Development and Validation of RP-HPLC Method for Simultaneous Quantification of Tacrolimus (TAC) and Thymoquinone (THQ)
Keywords:
RP-HPLC, tacrolimus, thymoquinone, simultaneous quantification, method validation, pharmaceutical analysis, ICH guidelines, combination therapy, quality control, C18 columnAbstract
The development and validation of analytical methods are essential for ensuring the quality of pharmaceutical formulations. This study focuses on the development of a reverse-phase high-performance liquid chromatography (RP-HPLC) method for the simultaneous quantification of tacrolimus (TAC) and thymoquinone (THQ) in combined formulations. A robust method was optimized using a C18 column with a mobile phase enabling efficient separation and quantification.

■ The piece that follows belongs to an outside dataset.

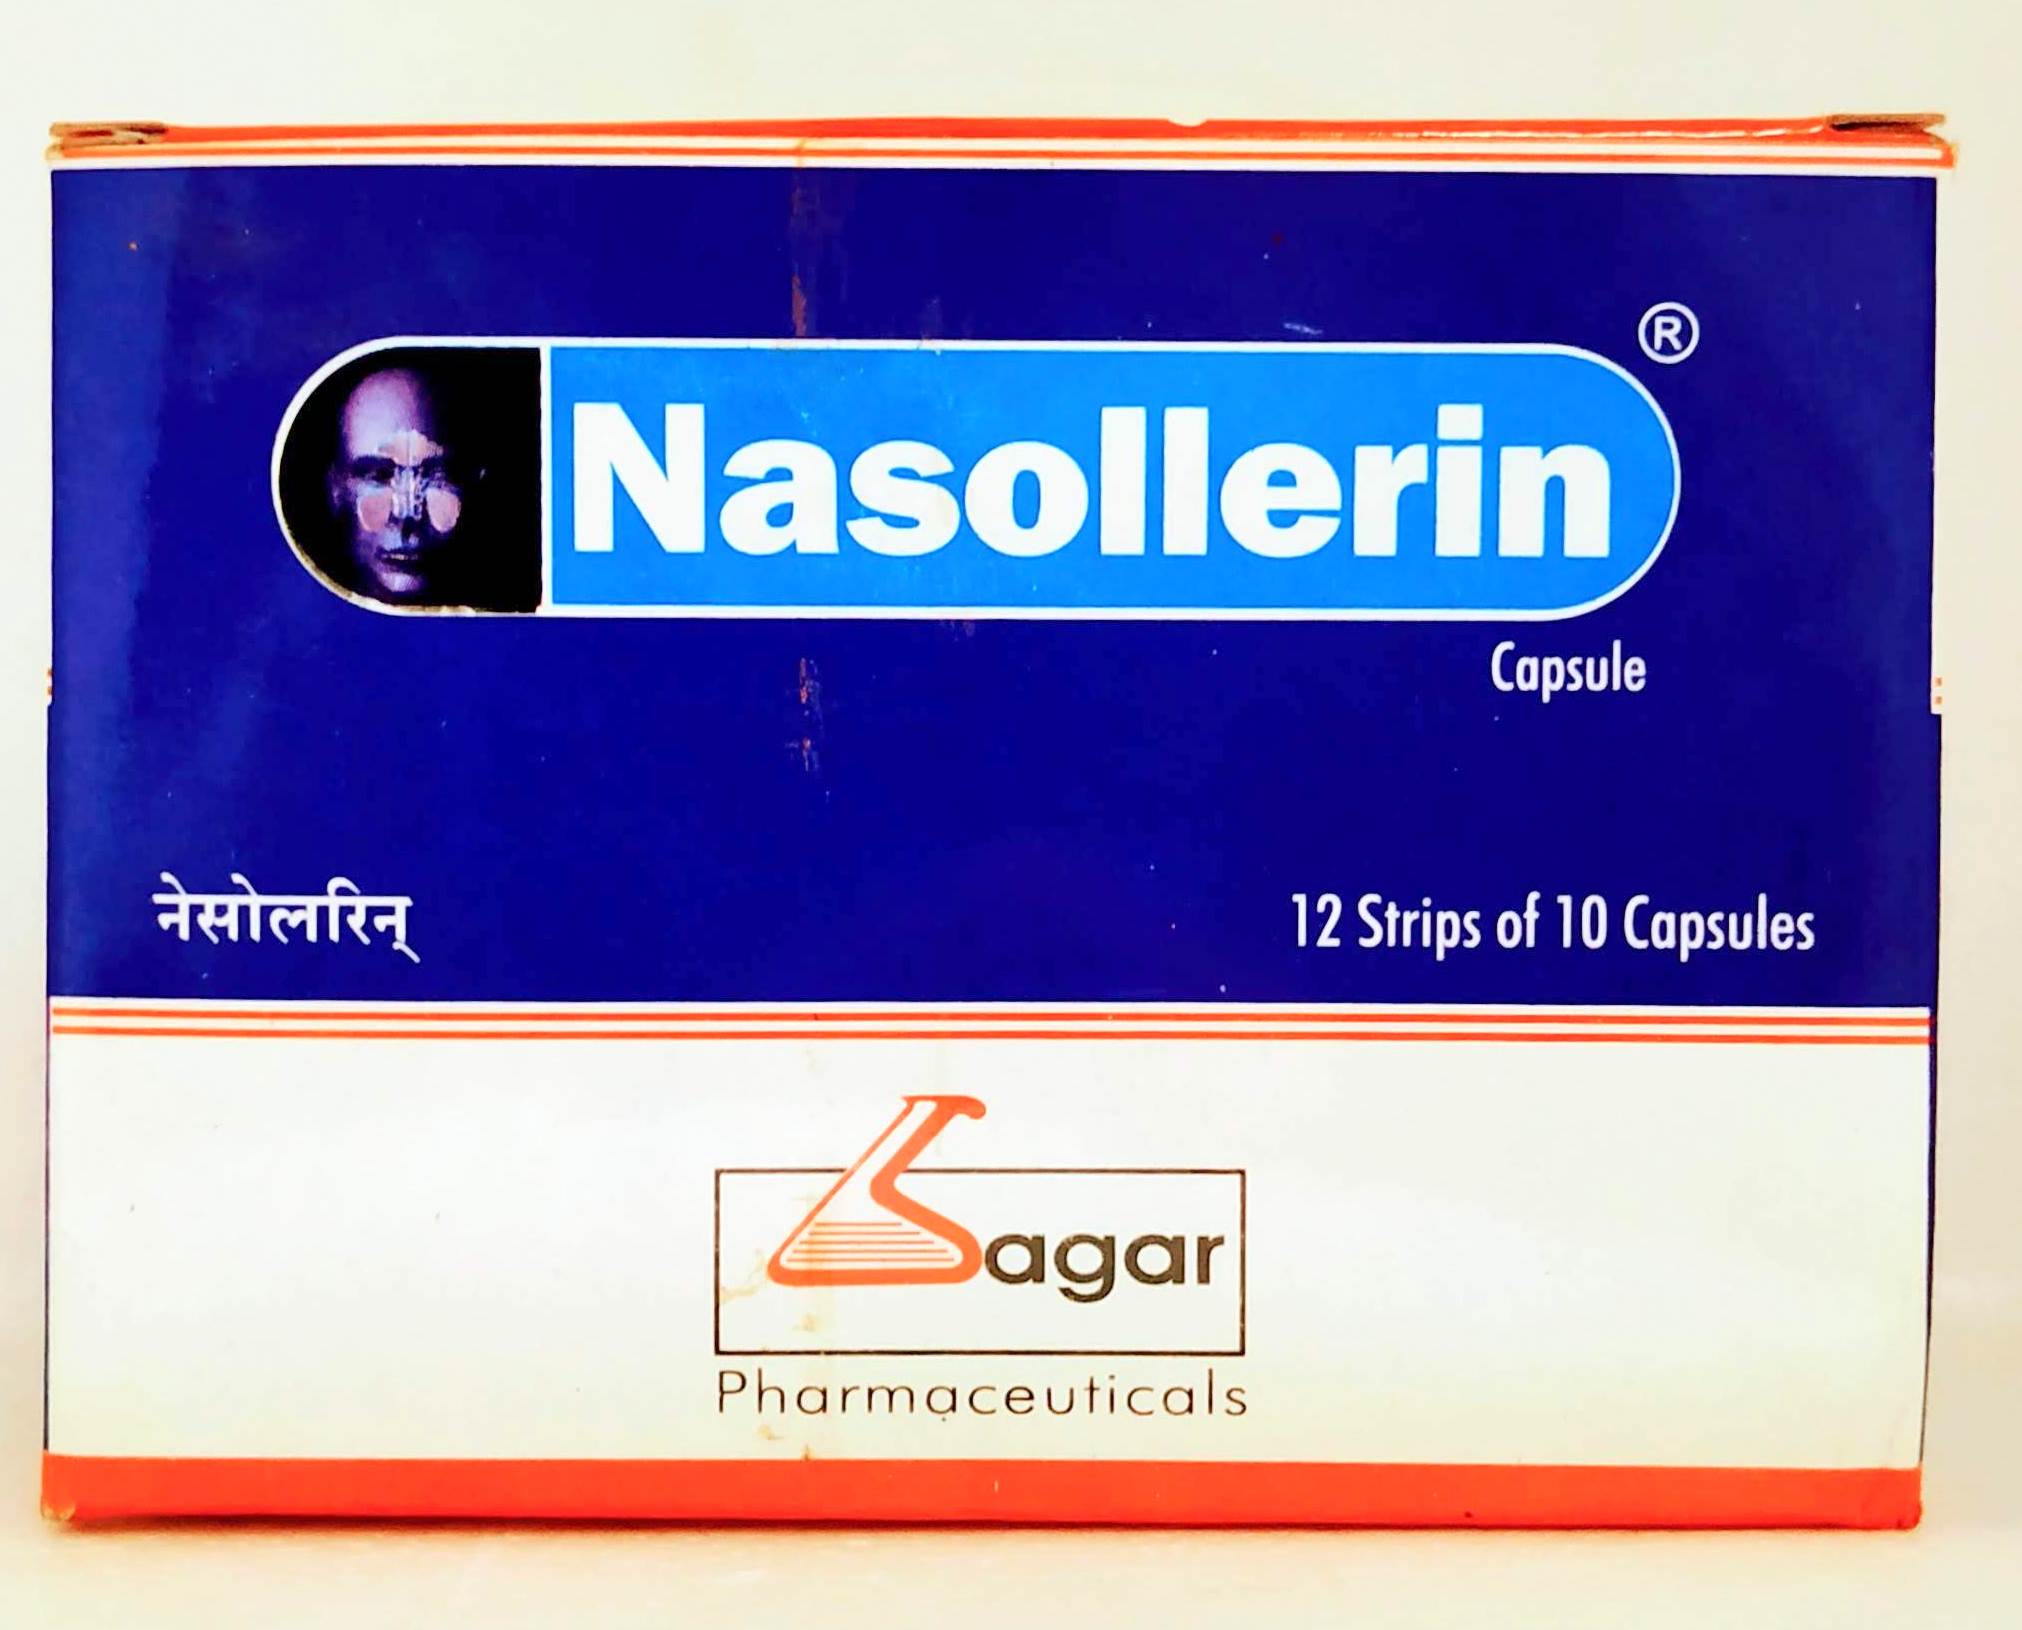 Shop Nasollerin capsules - 10Capsules at price 50.00 from Sagar Online - Ayush Care

The method was validated following ICH guidelines, assessing parameters such as linearity, accuracy, precision, robustness, and specificity. The results demonstrated excellent linearity for both TAC and THQ over a wide concentration range, with correlation coefficients exceeding 0.999. Recovery studies confirmed the method’s accuracy, showing a recovery rate within 98–102%. Precision studies indicated low intra- and inter-day variability, while robustness tests highlighted the method’s reliability under minor experimental variations. The validated RP-HPLC method was successfully applied to quantify TAC and THQ in pharmaceutical formulations, offering a simple, rapid, and reliable tool for quality control and routine analysis. This work provides a significant contribution to pharmaceutical research, facilitating the development of combination therapies involving TAC and THQ for inflammatory and autoimmune disorders.